I understand the very clear concern around AI that in audio format, feels much more real and human, and therefore more persuasive, than it does in things like visual media. It's also harder to tell that this is synthetic than with visual media. However, I can't help but get stopped on the idea that there seems to be no purpose of this technology other than to create misleading content that is, as far as I can tell, very clearly trained off of the work of popular podcasts. I noticed a distinct similarity between the speaking style and word choice for these episodes as with podcasts that I listen to regularly.
While the ability to create audio content that is convincing is spooky, especially as a goal, because I can think of no more likely reason for this technology's development, I also wonder if this sort of tech is making a statement in the discussion of AI regulation and creative work. If you'll allow me to take out my brush that blurs the line between analysis and conspiracy theory, keep that in mind that it's what I am painting with. One important argument in this discussion is that artists are not directly harmed by AI, and that, more importantly, that this is a reflection of the idea that art is somehow a luxury career, or less legitimate and worthy of protection than less creative options. Many believe, explicitly or implicitly, that the value of art is dependent upon the level of proficiency of the artist, and that the level of proficiency is determined based upon the level of difficulty that someone else would have in replicating that art. Taking a look at the history of modern art proves this to be false in a variety of ways, but that's something I don't want to elaborate on here.

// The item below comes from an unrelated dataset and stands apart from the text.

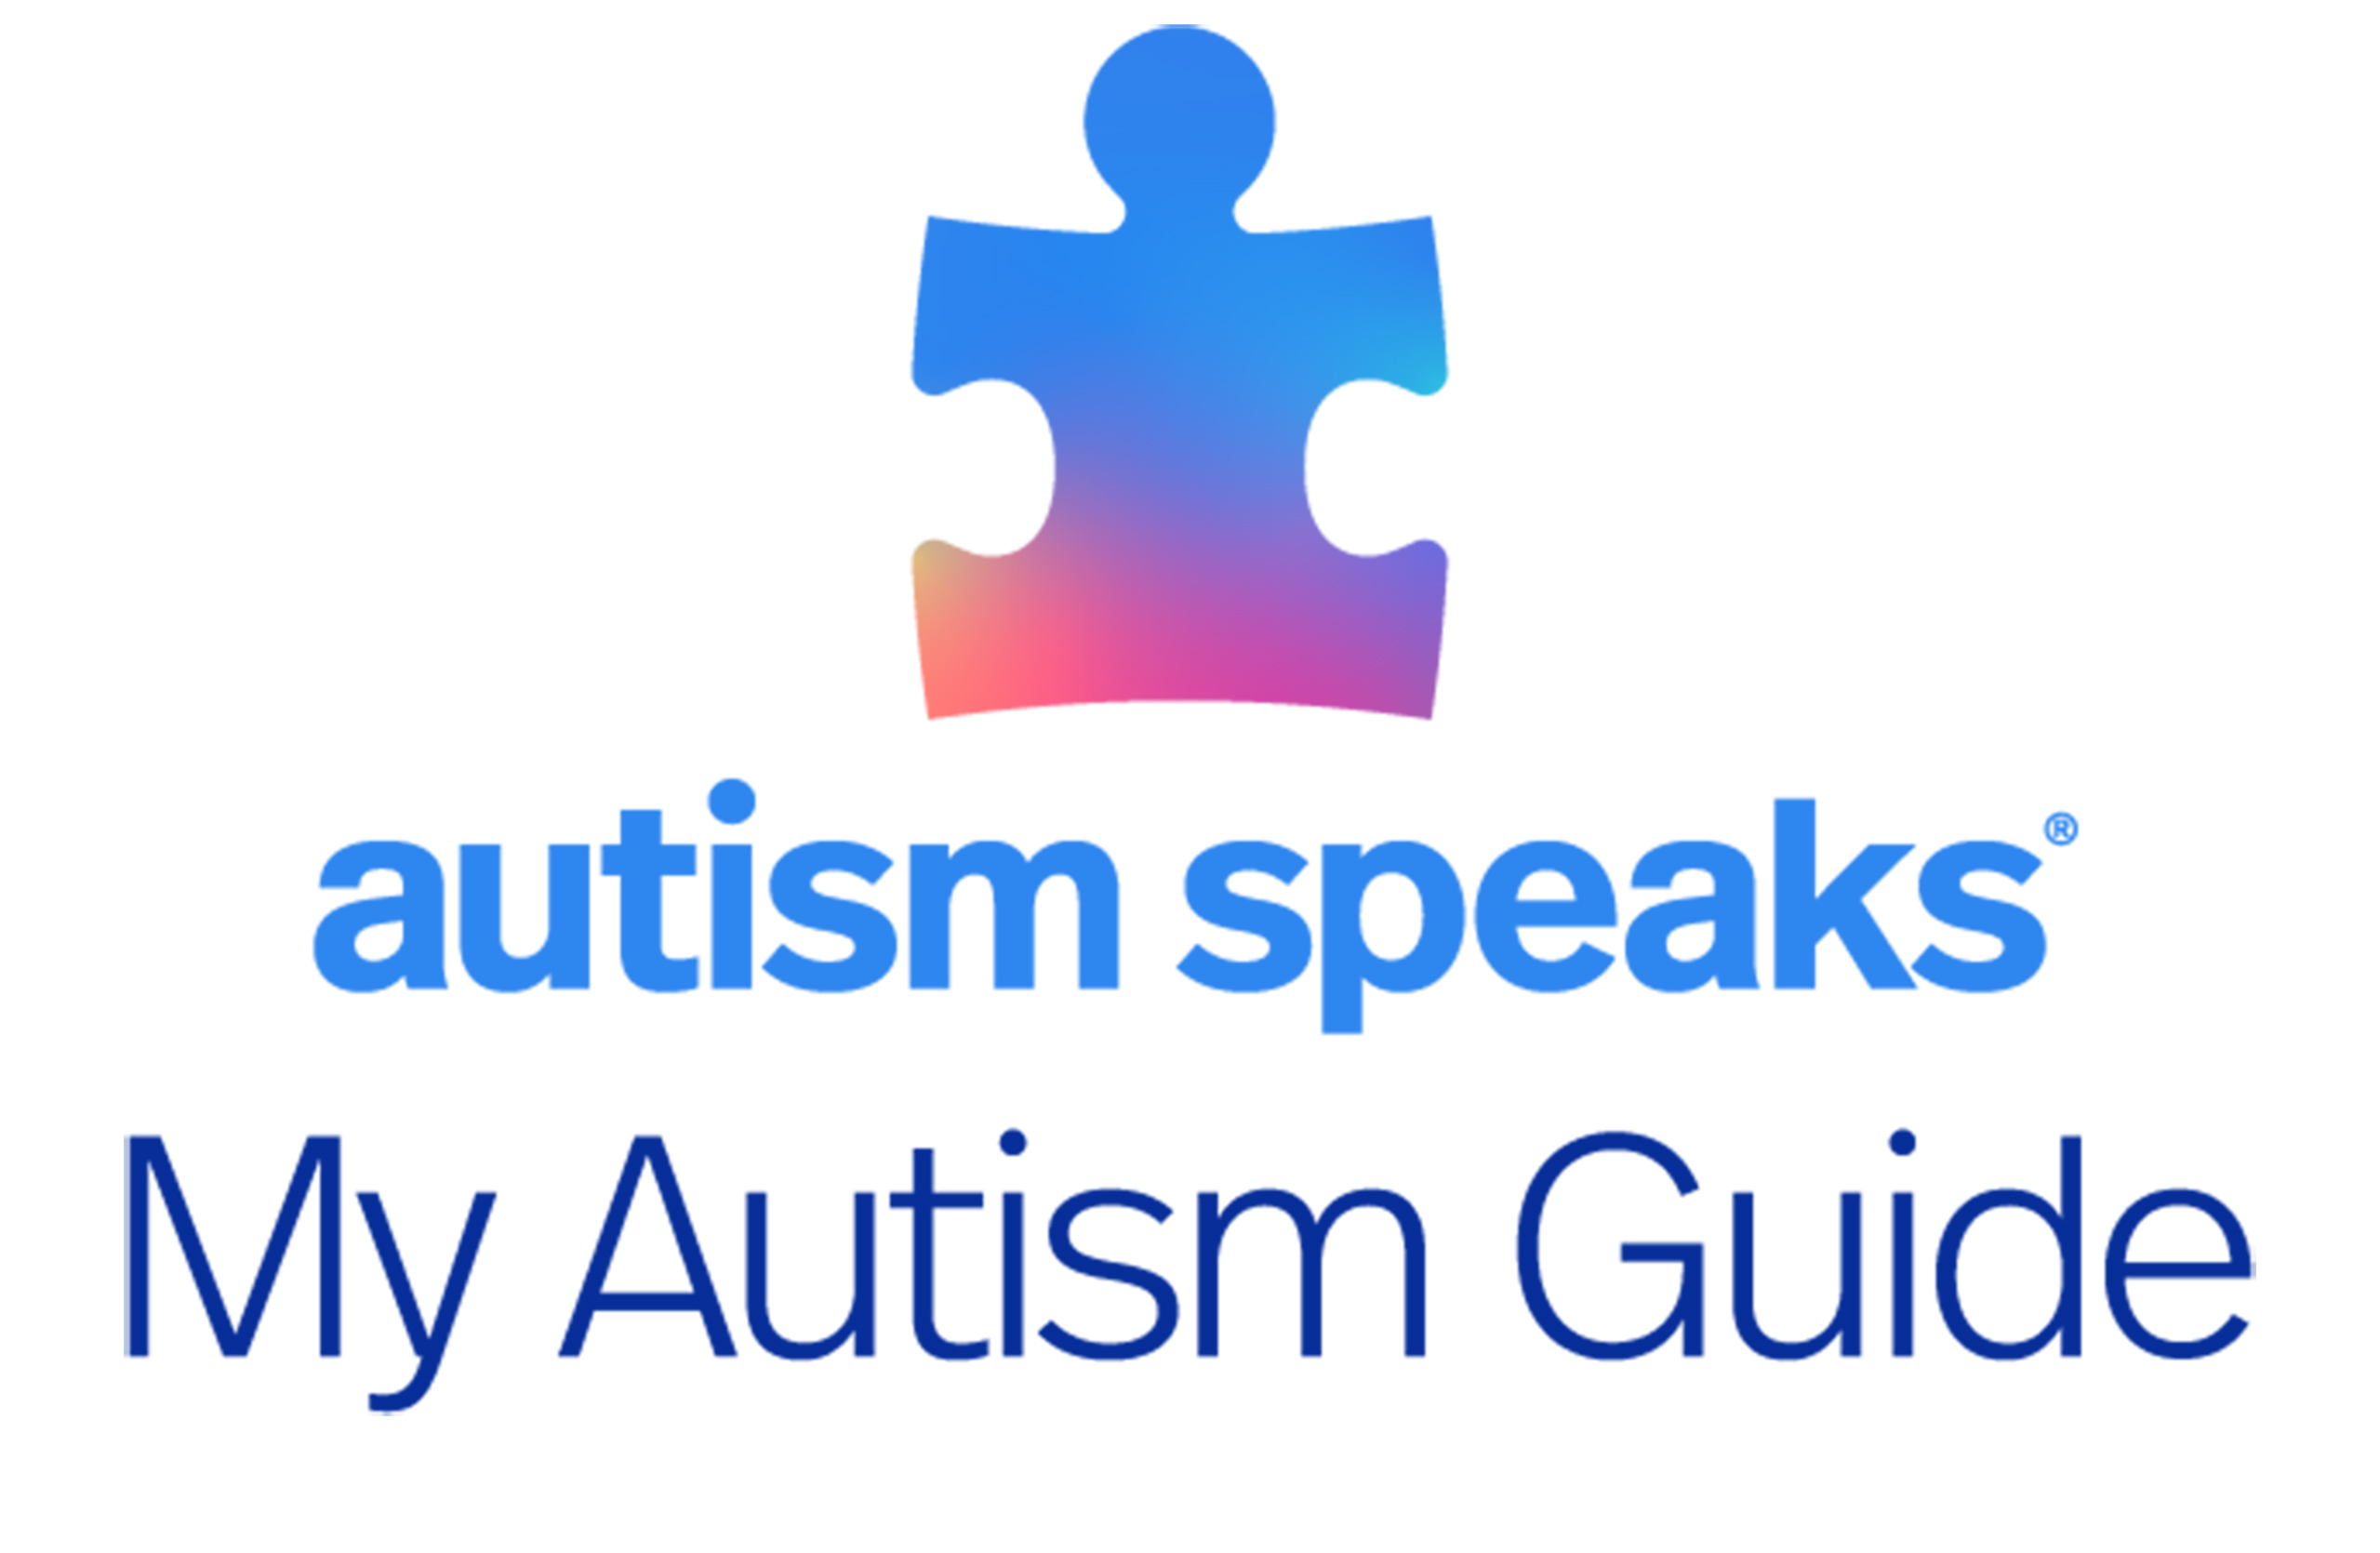 My Autism Guide logo

The point being that, even if you look at other comments, there's not exactly people jumping to defend podcasting as an art form relative to, say, painting. It's a joke, one that many people have made, me included, that podcasts are so easy to create, that there's so many of them, that everyone you know makes one, and listens to an astronomically small number of them. It's funny to say that a system that generates an incomprehensible amount of content that frequently makes factual errors, spends the majority of its run-time saying nothing of consequence, and, most importantly, feels more authentically human, is no different than ordinary podcasting. This is because podcasting makes an art form out of something that theoretically requires less proficiency than other art forms, when there's likely even more text or visual art out there. This is what makes the idea that podcasting is or can be art questionable for most. The idea that someone would have a career in it is even more bothersome. The high visibility of podcasting on all levels of skill makes it easy to ignore that there are podcasts that are important components of peoples' careers and livelihoods. That is to say very little about the consequences of seeing art as an economic commodity, or about the critical misunderstandings surrounding the "point" of creative work.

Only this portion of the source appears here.